VMware also said that its board has authorized up to $1.5 billion in stock repurchases through fiscal 2021.
Any of these factors could be viewed as bullish however the market reacted as if the outlook is bearish and the pattern indicates that weakness could persist for at least a few weeks.
The large move down could be a break out, to the down side, after VMW spent weeks in consolidation.
A Trading Strategy To Benefit From Weakness
A price decline often results in higher than average options premiums. That means option buyers will be forced to pay higher than average prices for trades, But, sellers could benefit from the higher premiums.
In this case, with a bearish outlook for the short term, a call option should be sold. The call should decline in value if the stock declines and sellers of calls benefit from this decline.
Selling options can involve a great deal of risk. A spread options strategy can be used to limit the potential risk of the trade.
One strategy that traders can consider is the bear call spread. This is a trade that uses two calls with the same expiration date but different exercise prices.
Traders buy one call and sell another call. The exercise price of the call you sell will be below the exercise price of the long call. The call is sold to limit the risk of the trade. So, this strategy will always generate a credit when it is opened and will always have limited risk.

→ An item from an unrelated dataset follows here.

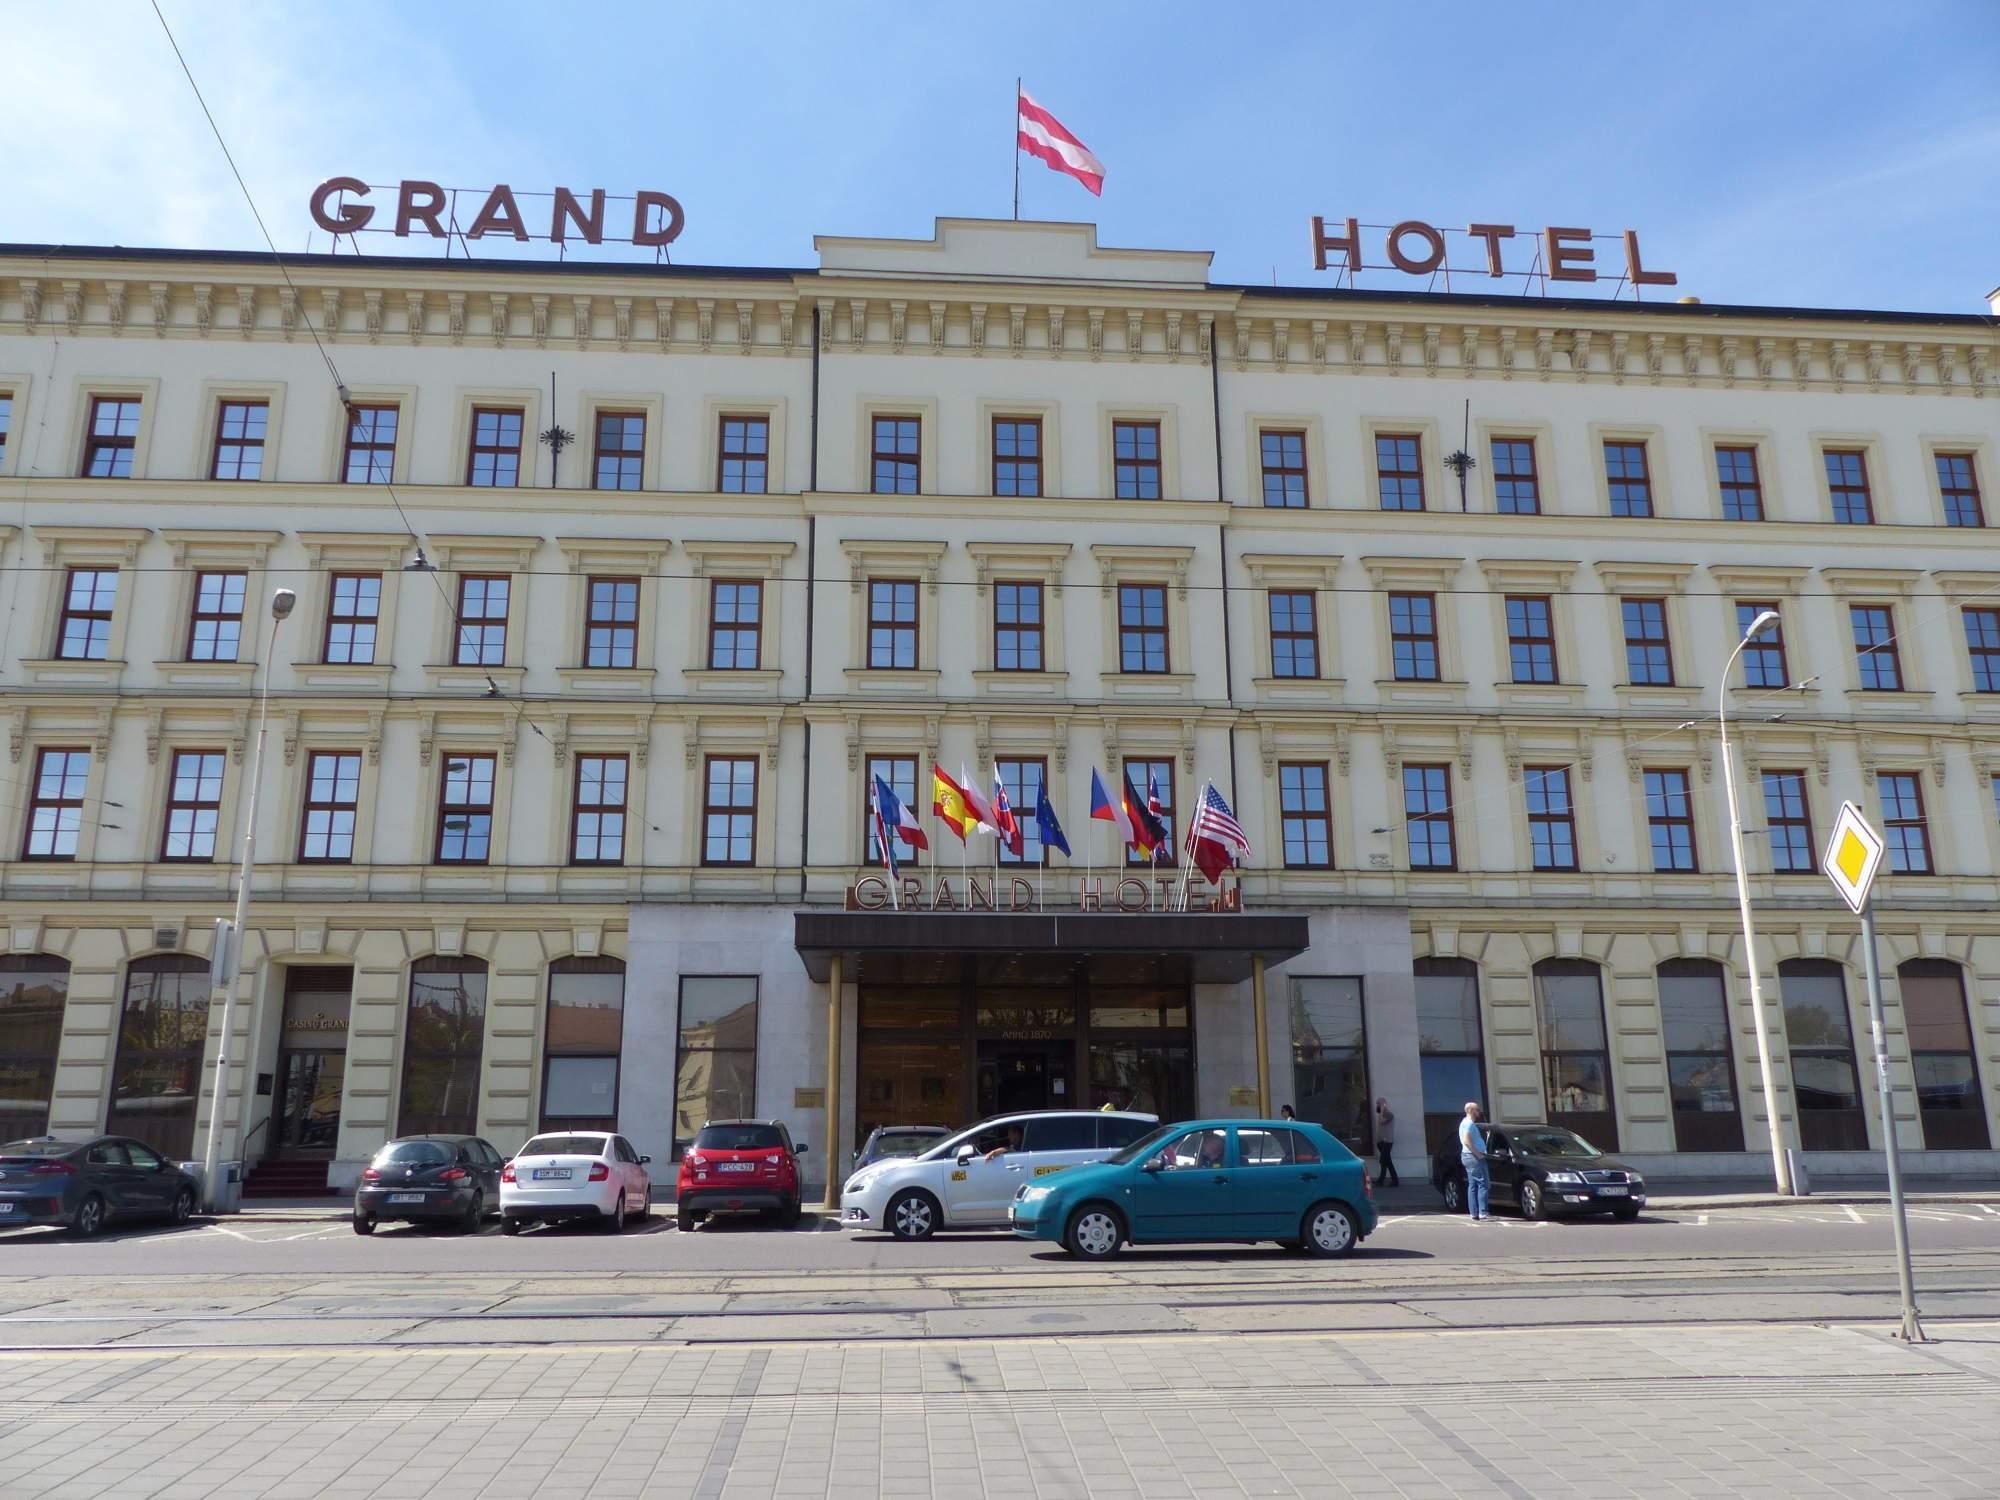 Grandhotel Brno. Foto: Stanislav Šindelka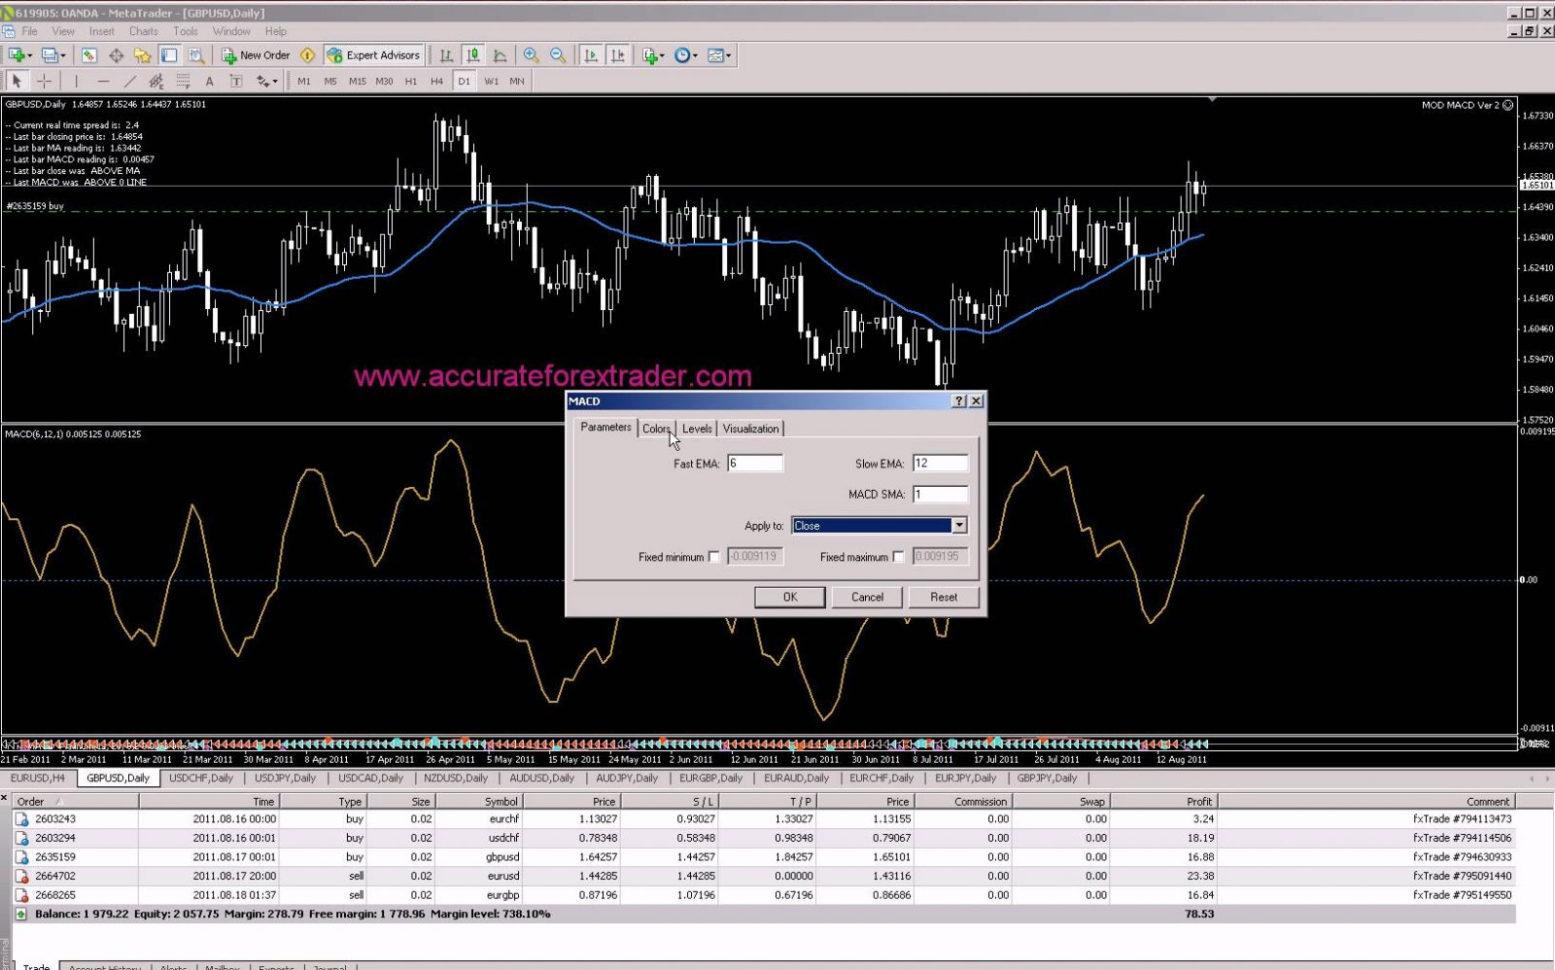 Forex Compounding Spreadsheet Spreadsheet Downloa Forex Compounding Excel Spreadsheet Forex

The risk profile of this trading strategy is summarized in the diagram below which shows the limited risk and reward.
Source: The Options Industry Council
While risks and rewards are limited, this strategy will allow traders to generate potential gains in a stock they might otherwise find too risky to trade. Many individuals ignore bearish strategies because of the risks.
You’ll know the maximum potential gain with this strategy as soon as it’s opened. It is equal to the amount of premium received when the trade is opened. The maximum loss is equal to the difference between the exercise price of the options contracts less the premium received and is also known.
Every day, we scan the markets looking for trades that carry low risk and high potential rewards. These trades are available almost every day and we share them with you as we find them. Now, it’s important to remember these are trading opportunities in volatile stocks.
When we find a potential opportunity, we evaluate it with real market data. But because the trades are volatile, the opportunities may differ by the time you read this. To help you evaluate the current opportunity, we show our math and explain the strategy.
A Bear Call Spread in VMW
For VMW, we could sell a July 19 $175 call for about $10.75 and buy a July 19 $180 call for about $8. This trade generates a credit of $2.75, which is the difference in the amount of premium for the call that is sold and the call.
Remember that each contract covers 100 shares, opening this position results in immediate income of $275. The credit received when the trade is opened, $275 in this case, is also the maximum potential profit on the trade.
The maximum risk on the trade is about $270. The risk can be found by subtracting the difference in the strike prices ($500 or $5.00 times 100 since each contract covers 100 shares) and then subtracting the premium received ($275).
This trade offers a potential return of about 101% of the amount risked for a holding period that is relatively brief. This is a significant return on the amount of money at risk. This trade delivers the maximum gain if VMW is below $45 when the options expire, a likely event given the stock’s trend.
Call spreads can be used to generate high returns on small amounts of capital several times a year, offering larger percentage gains for small investors willing to accept the risks of this strategy. Those risks, in dollar terms, are relatively small, about $270 for this trade in VMW.